In a third aspect, a media playback device is disclosed. The media playback device comprises a processor; and memory storing instructions that, when executed by the processor, cause the media playback device to: receive a sequence of media items including a generatable media item; at a first time, send a request to generate a manifest file associated with the generatable media item; receive the manifest file associated with the generatable media item, the manifest file including a uniform resource locator associated with media content for the generatable media item and a latency to generate the media content; determine a second time based at least in part on the latency to generate the media content; at the second time, use the uniform resource locator to request the media content from a content distribution network; receive, from the content distribution network, the media content; and output the media content.
Various embodiments will be described in detail with reference to the drawings, wherein like reference numerals represent like parts and assemblies throughout the several views. Reference to various embodiments does not limit the scope of the claims attached hereto. Additionally, any examples set forth in this specification are not intended to be limiting and merely set forth some of the many possible embodiments for the appended claims.
The media playback device 102 may be a computing device, such as a smartphone a desktop or laptop computer, a smart watch, a smart television, a smart speaker, or another computing device. The media playback device 102 may be remote from the backend platform 104 and the CDN 106. For example, the media playback device 102 may access the backend platform 104 and the CDN 106 over the internet. The media playback device 102 may include a client application 103 that is installed on thereon or that is accessible by a program (e.g., a web browser) installed on the media playback device 102. In some embodiments, functions and components of the media playback device 102 may be separated into two or more computer systems.

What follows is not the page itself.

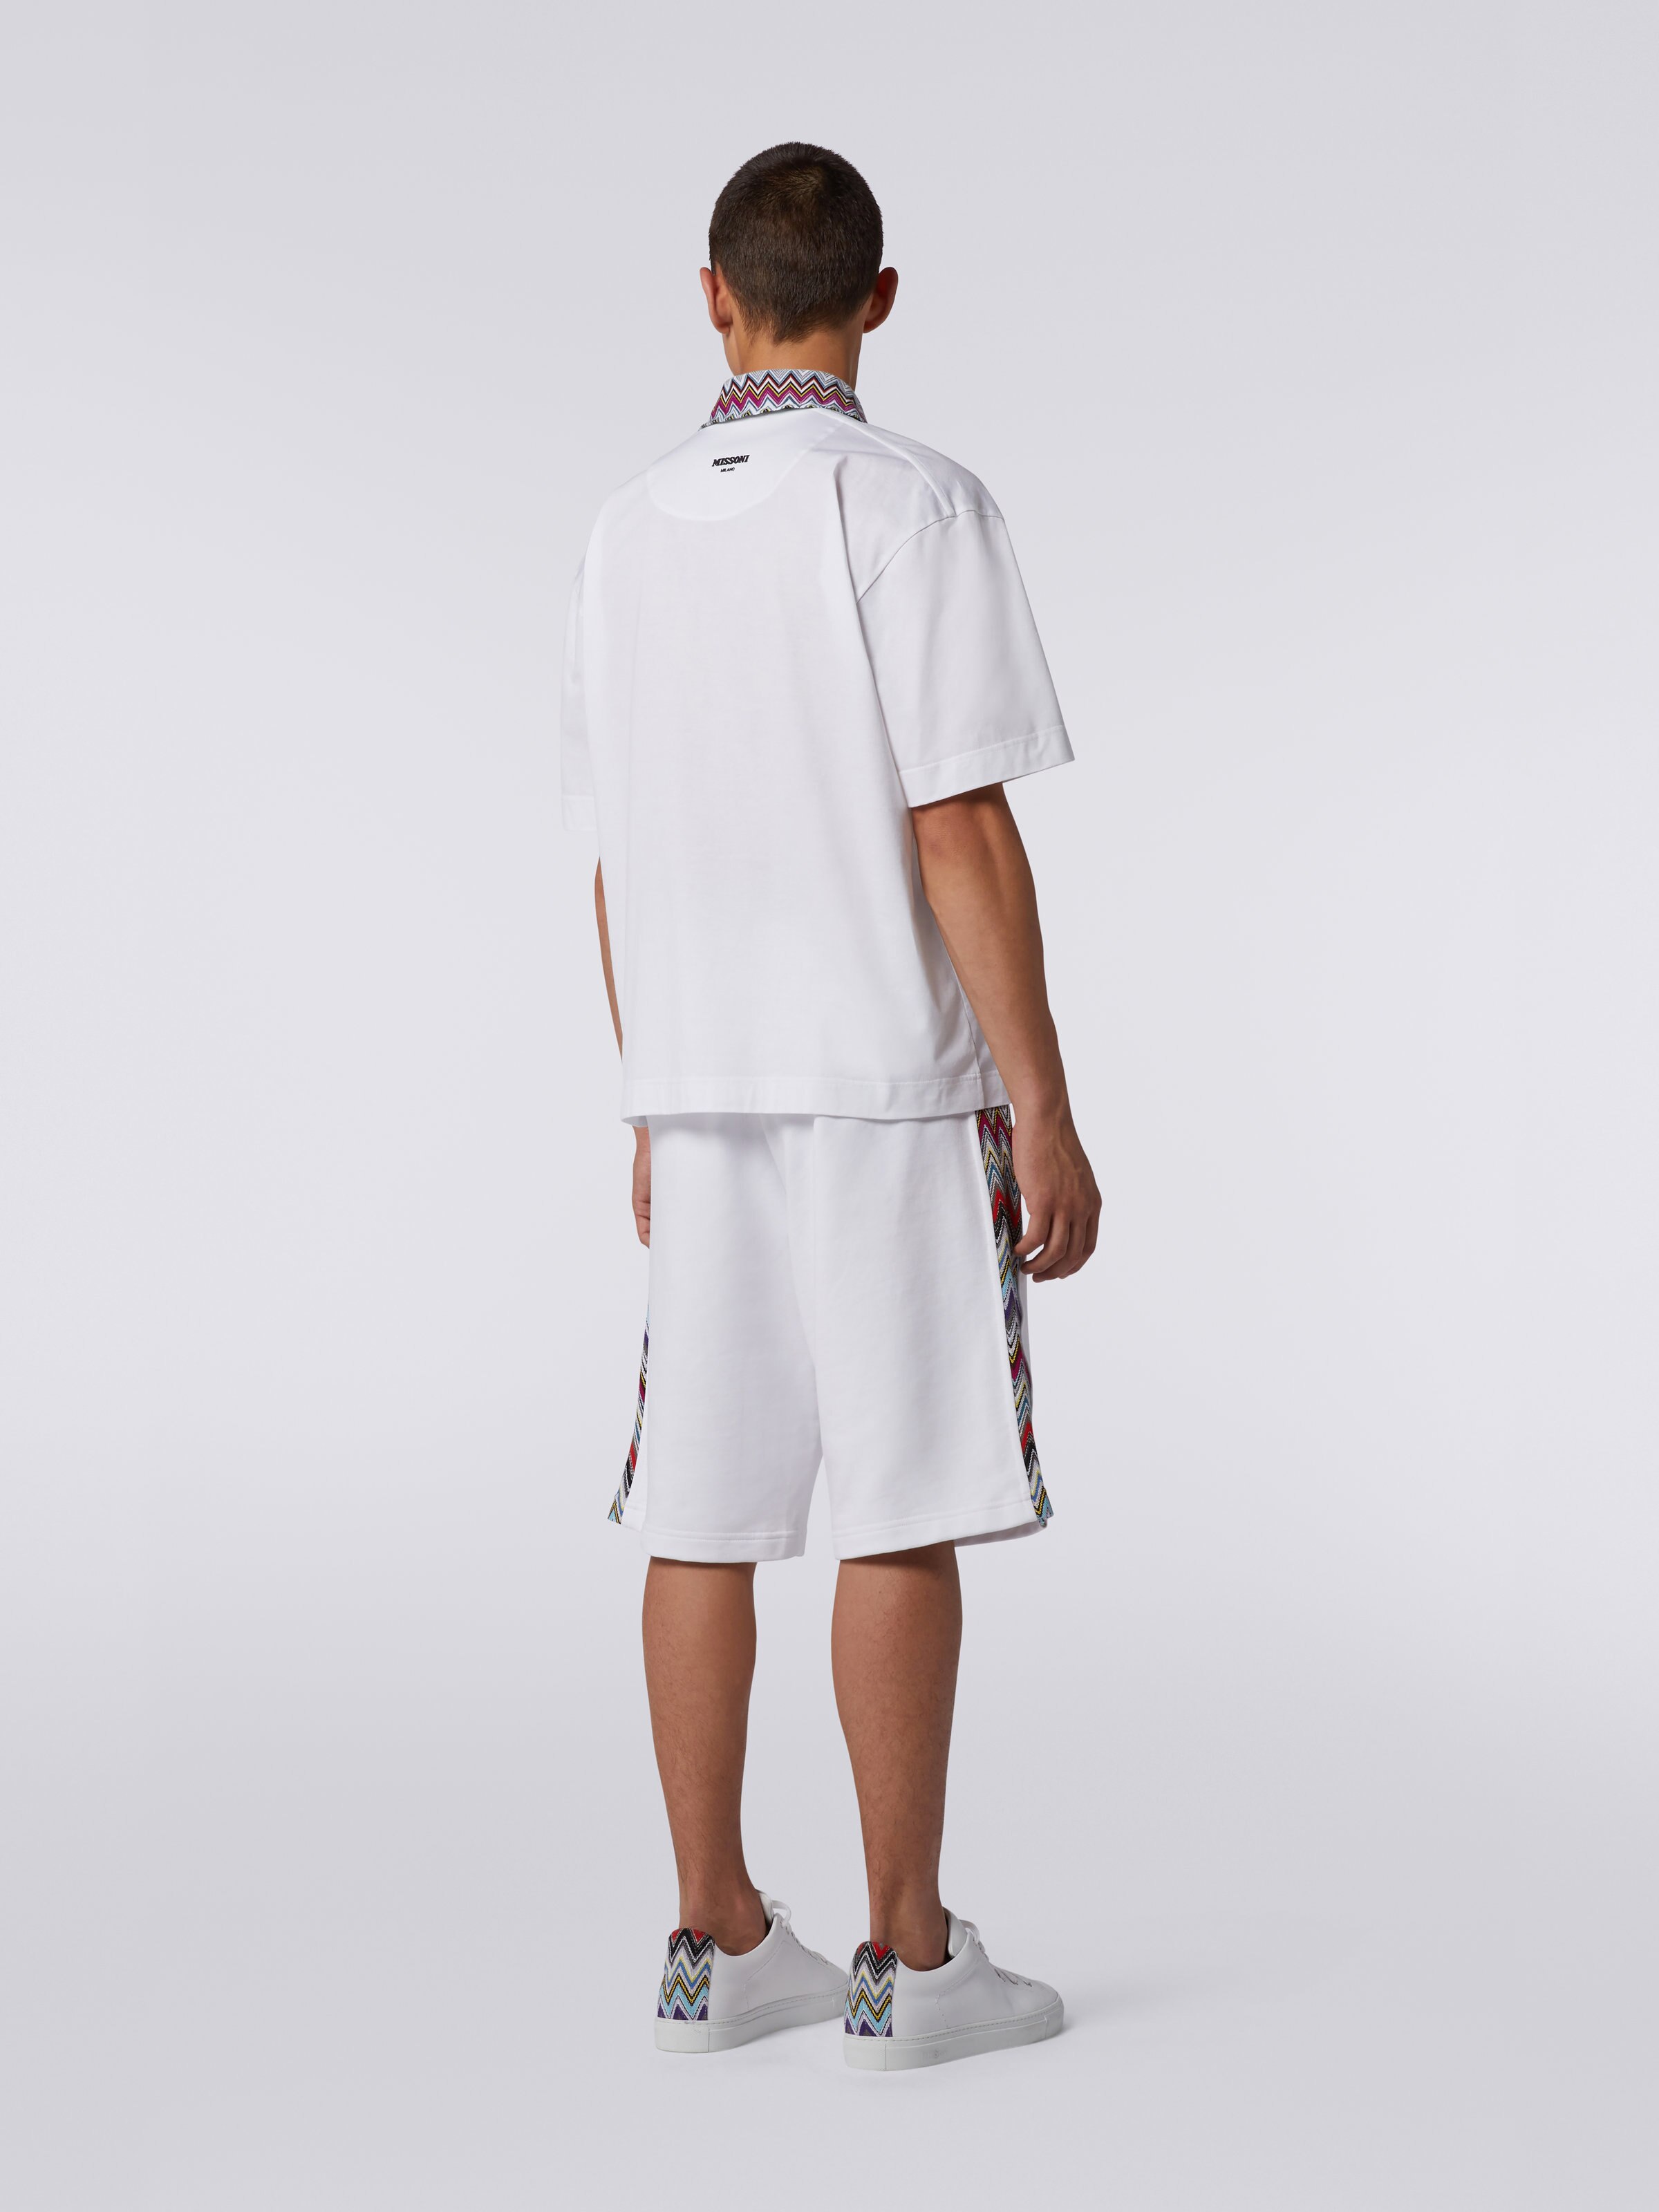 Cotton polo shirt with dégradé chevron pattern, White  - 3

The client application 103 may be a client-side application of a distributed digital media service and may be coupled with a server-side application that is integrated with the backend platform 104 and the CDN 106. Depending on the characteristics of the media playback device 102, characteristics of the client application 103 may vary. For example, the client application 103 may be a mobile application, a web browser, firmware, or another type of application. In some embodiments, the client application 103 is developed by—or otherwise associated with—an entity (such as a media service provider) that develops or controls the backend platform 104 or the CDN 106.
In some embodiments, the client application 103 may include a plurality of features. For example, the client application 103 may include an interface for interacting with the backend platform 104 and the CDN 106. Additionally, the client application 103 may include a feature for determining a time at which to play a media item and for handling the timing at which media content is retrieved from the CDN 106. Furthermore, the client application 103 may be configured to play media content.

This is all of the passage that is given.